25 de Abril: Cónego António Janela testemunhou Revolução dos Cravos e lembra reação do Patriarcado de Lisboa aos acontecimentos

Havia padres que «tinham um grande receio do comunismo» e «havia outros que achavam que, de facto, havia já valores que deveriam ser sublinhados», afirmou.

Foto: DR

Lisboa, 26 abr 2024 (Ecclesia) – O cónego António Janela recordou, em entrevista à Agência ECCLESIA, as memórias do dia da Revolução dos Cravos e os dias que se seguiram, revelando a tensão vivida no interior do clero, mediante a queda da ditadura.

“Quando sai a carta de 74 [sobre o contributo dos cristãos para a vida social e política], de 16 de julho de 74, essa carta não foi recebida de uma forma pacífica. E, num encontro, de clero, na Buraca, provocou um debate muito aceso. Eu era dos mais novos, mas fui atirado para a fogueira. E aquilo deu troca de palavras duras”, afirma o presidente do Instituto Diocesano da Formação Cristã.

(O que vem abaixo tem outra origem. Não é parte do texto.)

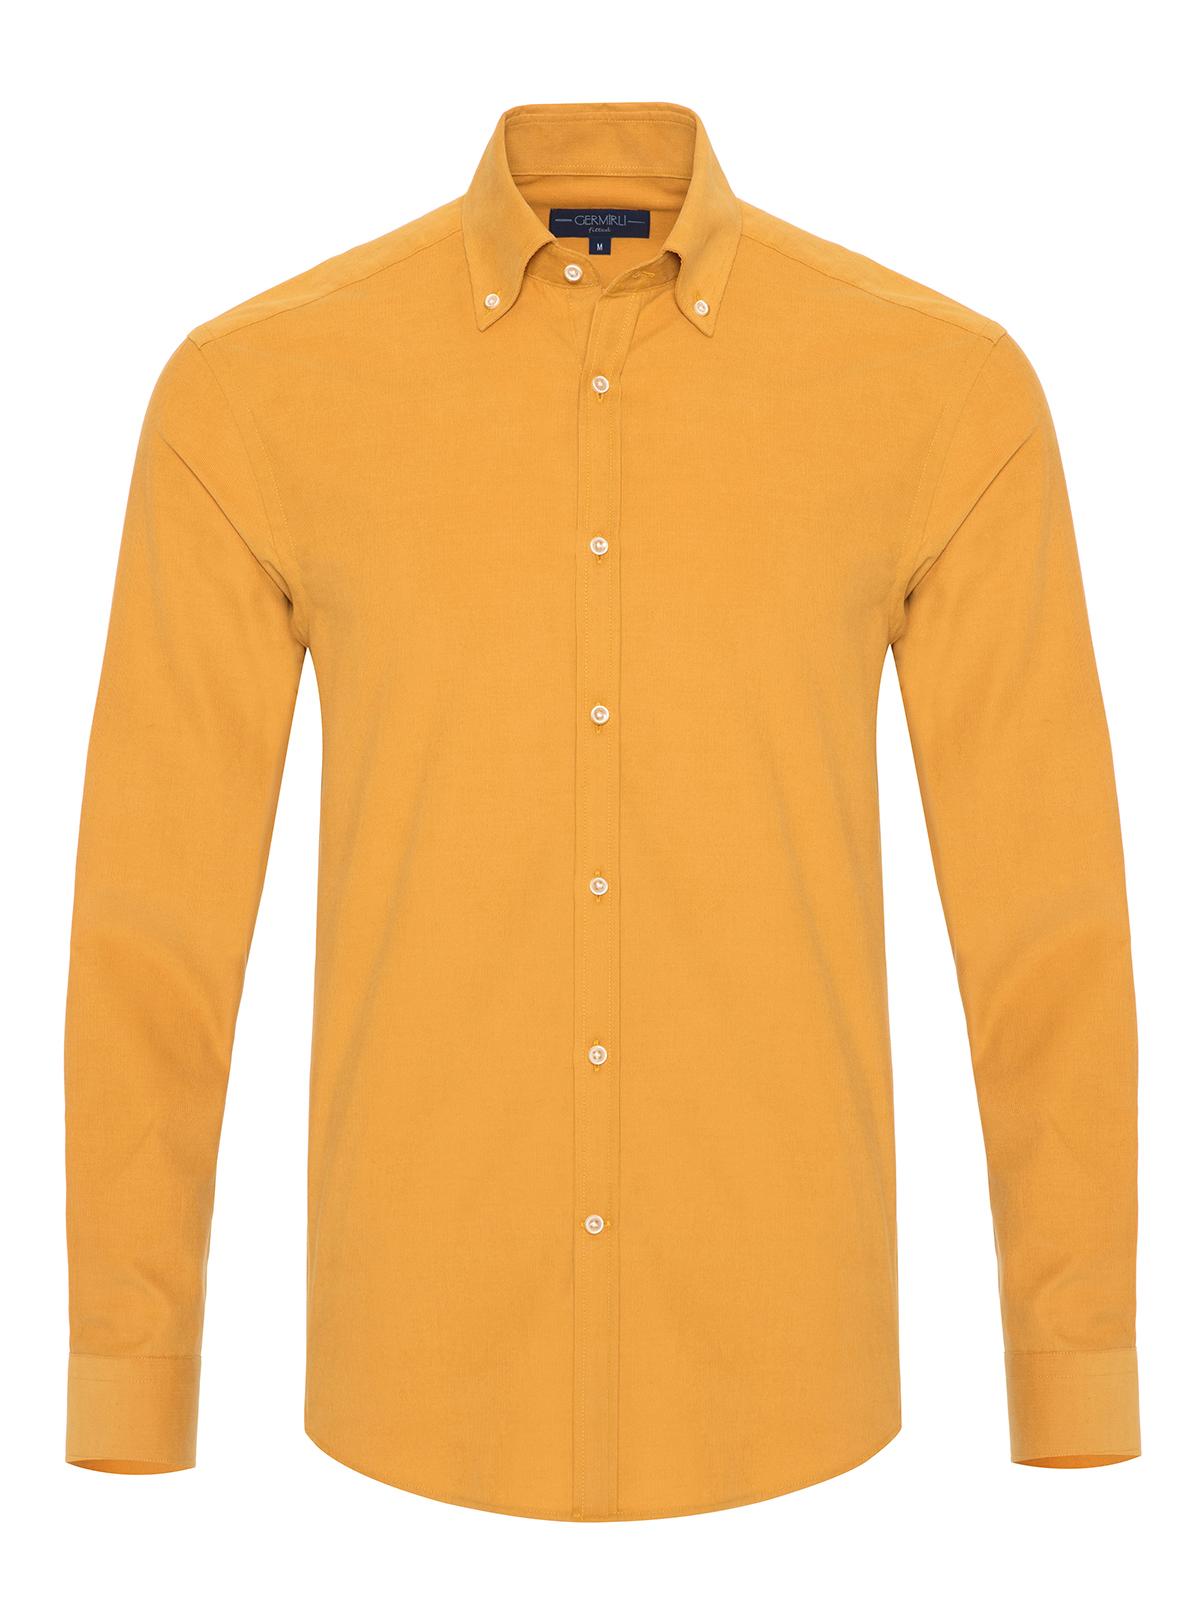 Germirli - Germirli Sarı Kadife Düğmeli Yaka Tailor Fit Gömlek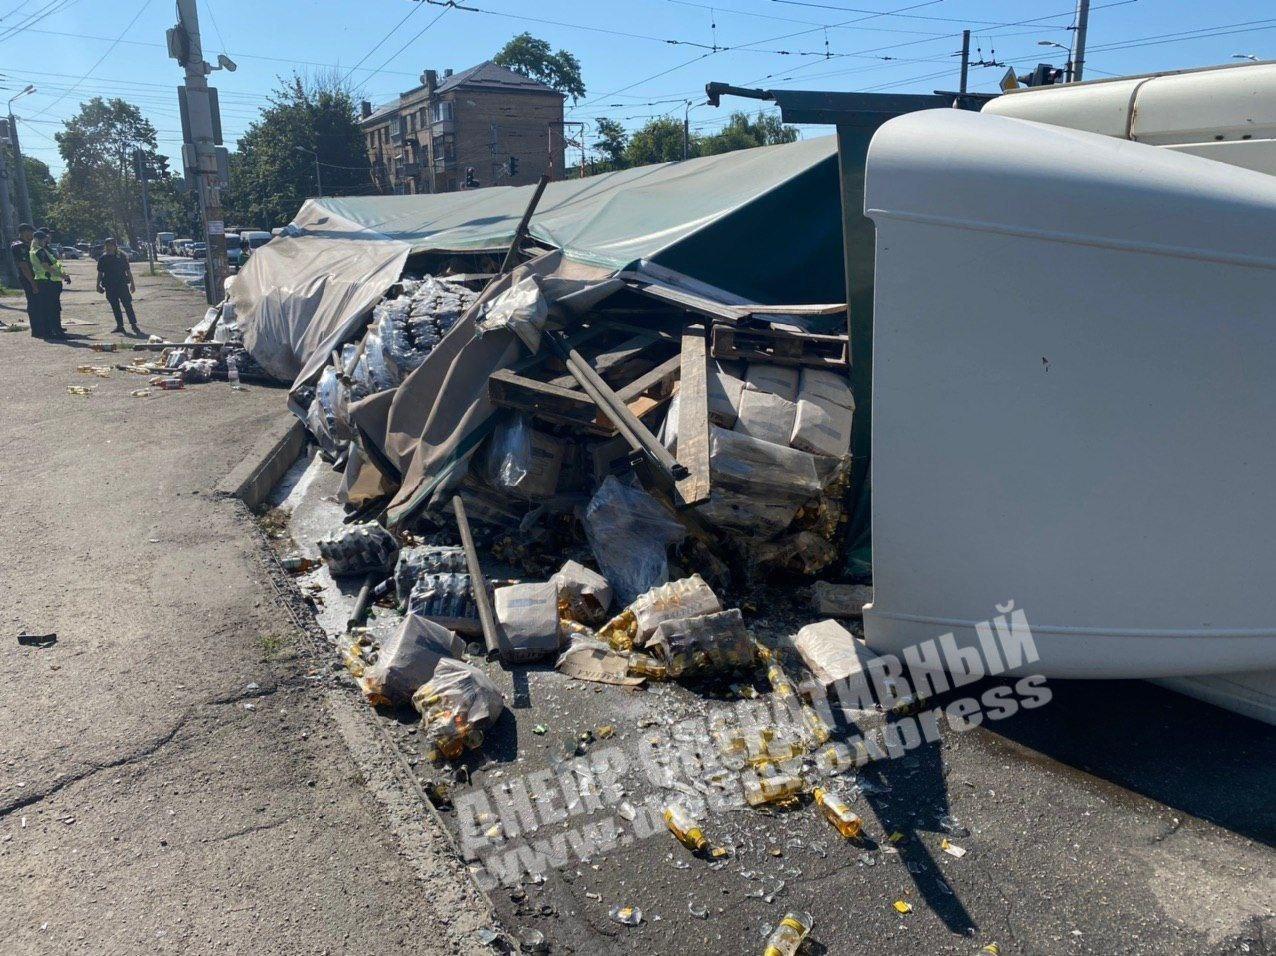 В Днепре на скорости перевернулась фура с пивом: пострадал водитель, - ВИДЕО, фото-2

Segundo o sacerdote, havia padres que “tinham um grande receio do comunismo” e “havia outros que achavam que, de facto, havia já valores que deveriam ser sublinhados”.

“Dois ou três dias depois, há um encontro promovido pelo sr. D. António Ribeiro, patriarca. Muito mais sereno. E, à saída, cada um passava e cumprimentava o sr. patriarca. Eu fui dos últimos, era dos mais novos. E disse ao Sr. Patriarca: ‘Olhe sr. Patriarca, eu espero que a Igreja me dê sempre a liberdade de poder expressar aquilo que, em consciência, penso. E o Patriarca D. António Ribeiro disse-me: ‘Pode ter a certeza que sim, padre Janela’”, lembra.

O presidente do Instituto Diocesano da Formação Cristã revela que aquele momento foi a “confirmação da ordenação sacerdotal que tinha sido em 65”.

Sobre o dia 25 de Abril de 1974, que marcou o fim da ditadura em Portugal, o cónego António Janela revela que tinha regressado de Roma há pouco tempo e que vivia na casa paroquial da Igreja de São Nicolau, tendo estado no epicentro dos acontecimentos.

Foto: Cónego António Janela

“Acordei com o telefone a tocar, era a minha irmã, a pedir-me por tudo que não saísse de casa: ‘Está a revolução na rua’”, recorda, referindo que ao abrir a janela viu algo singular.

“O trânsito estava em sentido inverso, porque normalmente vinham do Terreiro do Paço para a Praça da Figueira e naquela hora estavam a vir da Praça da Figueira para o Terreiro de Paço. Alguma coisa se passava”, pensou.

Depois de receber um telefonema da mãe a pedir para não sair de casa, o cónego António Janela adianta que não aguentou “muito tempo” e ao ouvir as notícias da rádio, deslocou-se até ao Rossio e subiu o Largo do Carmo.

“Até que, finalmente, sai uma chaimite com o Marcello Caetano e era a rendição. E foi assim que eu vivi. Depois, há um pormenor, naquela semana, entre o 25 de Abril e o 1º de Maio, e esse é inesquecível: o Rossio juntou imensa gente, gente desconhecida, mas formavam-se grupos e havia um misto de uma expectativa, o que é que isto vai dar, e, ao mesmo tempo, o júbilo daqueles que, finalmente, podíamos estar a falar sem ter ninguém ali a escutar”, descreve.

A entrevista com o cónego António Janela foi hoje transmitida no Programa ECCLESIA, na RTP2.